First, I made the bread
Herb Crusted Stuffed Hens
What you'll need:
2 Cornish Game Hens (I bought frozen, so make sure they're completely thawed. Fresh ones generally have giblets inside, so be sure to remove those first)
1/2 loaf Cinnamon Raisin Bread, cut into 1/2" cubes (Fresh from the oven bread won't work as well for stuffing, so I made these 2 days after I baked the bread)
1/2 c chicken stock (I make my own, so it's full of onion, carrot and celery as well)
1/4 c carrots, diced very small
Equal parts savory, rosemary, sage
3 parts Thyme
Salt and pepper
Mix all seasonings/herbs in a small bowl and set aside. Prepare hens by rinsing thoroughly.
Take the remaining seasoning mixture and coat the hens well.

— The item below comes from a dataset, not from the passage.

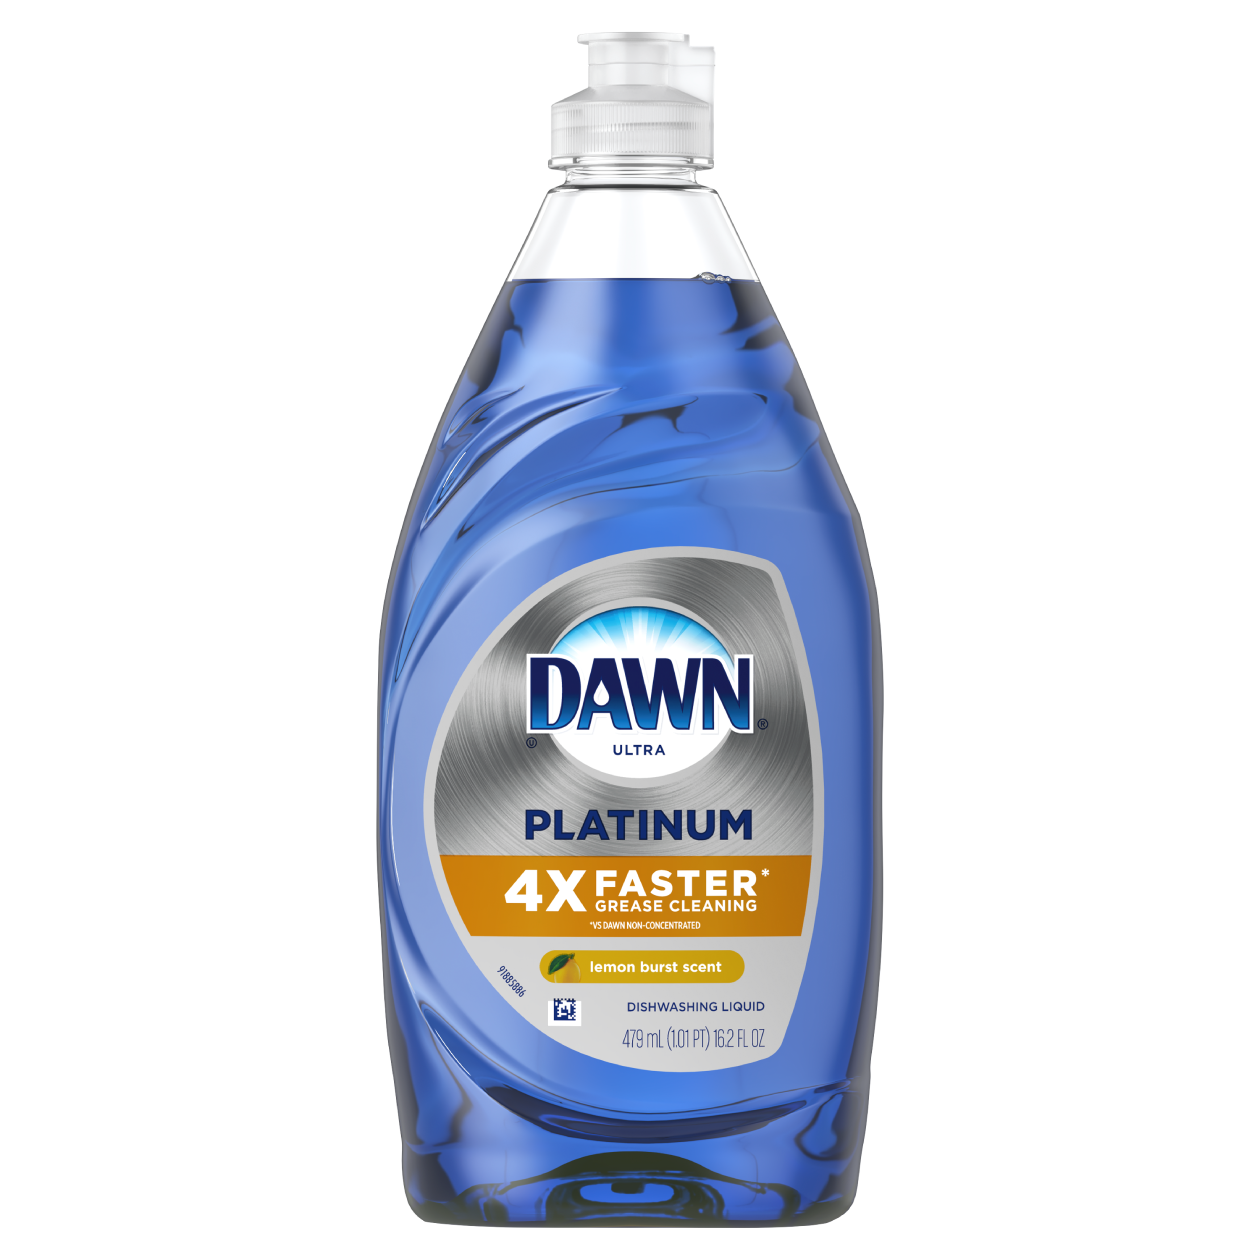 Dawn Platinum Dishwashing Liquid Lemon Burst

Bake at 375 until a meat thermometer reads 180 when inserted in the middle of the thigh (about an hour). The meat is done when the juices run clear and the wings and legs move freely. If skin starts browning too much, make a tent with aluminum foil and cover the hens. Because stuffing can be a potential bacteria hangout, make sure it's cooked thoroughly!
The skin was so crispy and full of the wonderful flavors of the herbs!
The stuffing soaks up the earthy flavor of the herbs and a tasty juices from the poultry, while the meat absorbs the cinnamon and raisin flavors. It all makes for a surprising and wonderful combination!